Indian Hotels - Long-term outlook strong despite short-term headwinds
Indian Hotels Company Ltd.’s Q2 FY26 performance was relatively soft as the hotel sector faced headwinds such as excessive rainfall in key locations, landslides in hilly areas, geopolitical conflicts-led slow domestic demand, and slowdown in airline traffic.
Higher number of auspicious wedding days in the base quarter Q2 FY25 resulted in a modest 12% YoY revenue growth. Soft high single digit RevPAR growth was mainly led by modest average room rate increase, whereas occupancy remained high at ~75%.
Amid extraordinarily strong occupancy rates (75- 84%), YoY RevPAR growth remained muted for Delhi, Mumbai, and Goa whereas it was strong for Bengaluru, Kolkata, and Hyderabad. This can be attributed to lower hotel availability as renovation was carried out in H1 FY26 in key hotels in Mumbai, New Delhi, and Goa.
Upcoming MICE activities such as Aviation event Wings India, AI Impact summit, ICC Men’s T20 world cup, planned medical conferences, music concerts, and wedding season are expected to revive hotel demand in H2 FY26.
Further, long-term hotel supply growth of 7% during FY25-30E is estimated to lag demand growth of ~10%+ in key locations, leading to sustained high occupancy and healthy ARR growth.
We have built in ~20% Ebitda growth during FY25-27E, led by double-digit RevPAR growth and operating leverage. Accordingly, we have maintained our estimates for FY26E and FY27E.
Furthermore, due to rich valuation, we maintain our Reduce rating with an EV/Ebitda multiple of 25xFY27E and an unchanged target price of Rs 725.
Motherson Sumi Wiring - India Good presence in new model launches is aiding growth
Motherson Sumi Wiring India Ltd.’s Q2 FY26 Ebitda margin at 10.13% declined by 60 bps YoY but improved 33 bps QoQ. It was in line with our estimate of 10.16%, though it missed the Bloomberg consensus estimate of 10.31%.
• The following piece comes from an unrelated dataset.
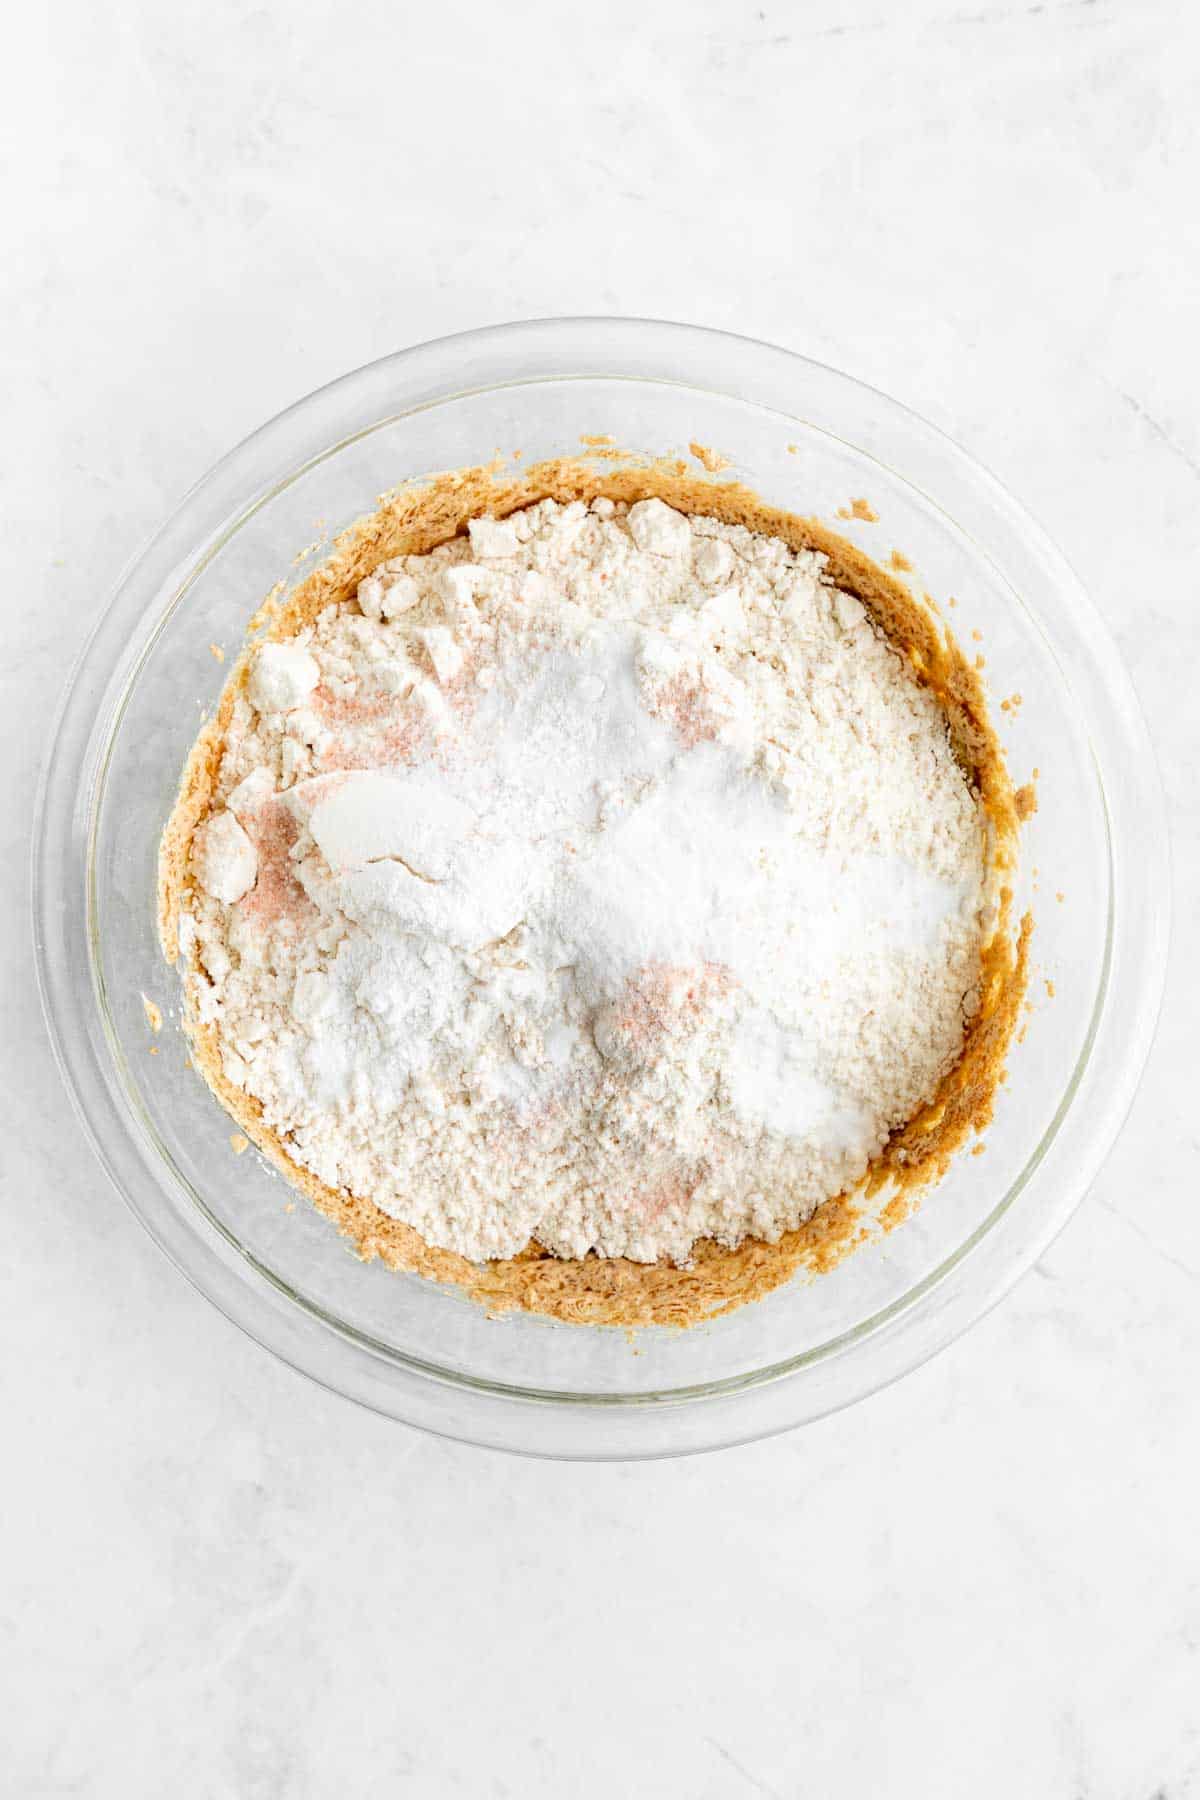 flour on top of wet cookie dough batter inside a glass bowl

After adjusting for the financials of the greenfield plants, the adjusted Ebitda margin stood at 12.7% (up almost 92bps QoQ). We believe that as the new greenfield facilities ramp up, they will add to revenue growth, deliver greater economies of scale, and improve operating leverage.
This expansion will also help the company secure additional business, including opportunities for high-voltage EV wiring harnesses, whose total content is 1.5-1.7x greater than that of an ICE wiring harness.
Additionally, the continuing auto industry trends toward more feature-rich vehicles augur well for the company as this will further increase the content per vehicle.
The company is an indirect beneficiary of the GST rate rationalization as OEM customers are witnessing good demand. However, higher copper prices could further impact the gross margin in the near term.
We value Motherson Sumi Wiring India at 29x Sep-27 EPS for a target price of Rs 47; and maintain our Add rating.